At present, OFS can be used by promoter and non-promoter shareholders subject to certain conditions. Existing norms said non-promoter shareholders holding at least 10% of the share capital of any eligible company and willing to sell at least ₹25 crore of shares were allowed to use the OFS mechanism. These limits stood in the way of the following transaction, for instance. A non-promoter shareholder with 5% of the capital in an eligible company, with the value of holding at ₹100 crore, could not offer shares through the OFS mechanism.

Sebi has sought to remove such anomalies. “So far, what used to happen, when institutional investors were selling through negotiated blocks via brokers, retail investors had no way to participate and buy such stocks even though it was available at a discount,” said Jimeet Modi, CEO, SAMCO Group. “As these deals with discounts were executed through block windows, it was not available for retail investors in the earlier setup, but now the field has been levelled and if retail investors wish to participate in such deals, they will not miss the bus of discounted price.” Sebi said the OFS mechanism would also be available to companies with market capitalization of ₹1,000 crore and above.

The regulator has allowed promoters to sell shares within a period of two weeks from the OFS transaction to their employees.

The offer to employees shall be considered a part of the said OFS transaction, Sebi said.

The cooling-off period under the OFS mechanism for most liquid shares is around two weeks, for liquid shares around four weeks and for illiquid shares it is around 12 weeks.

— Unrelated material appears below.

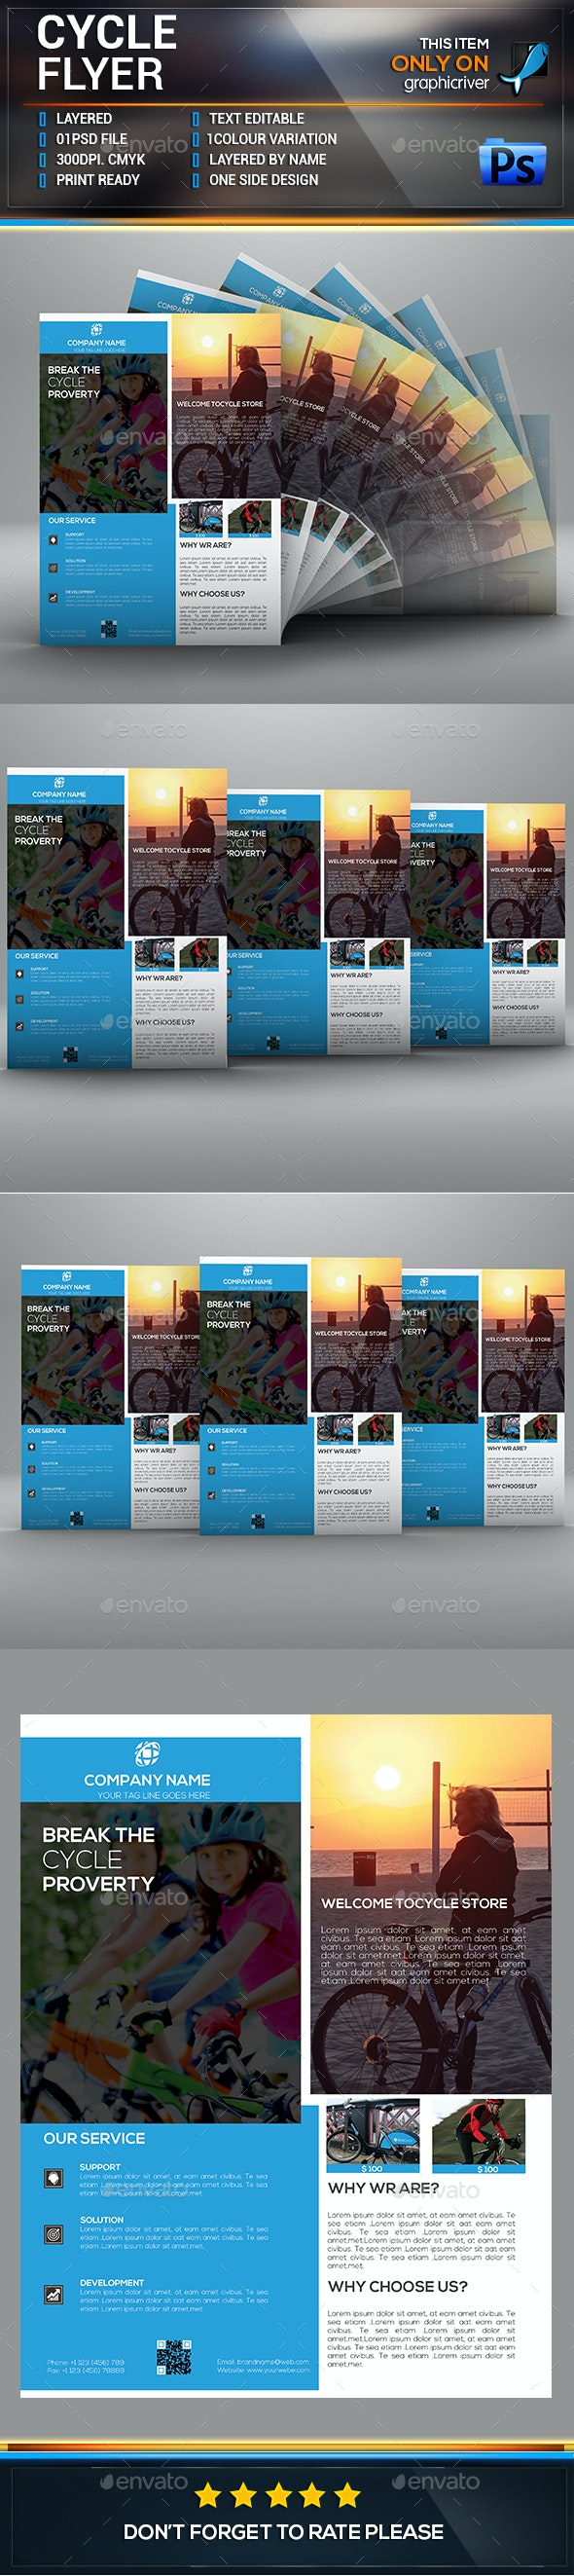 Cycle Flyer. - Flyers Print Templates

“Notwithstanding the cooling-off period… the promoter(s) or promoter group entities of companies whose shares are either liquid or illiquid can offer their shares only through OFS or qualified institutional placement (QIP) with a gap of 2 weeks between successive offers,” Sebi said on Tuesday.The size of offer should be a minimum of ₹25 crore. But the size of offer can be less than ₹25 crore by promoter or promoter group entities so as to achieve minimum public shareholding in a single tranche, the regulator said.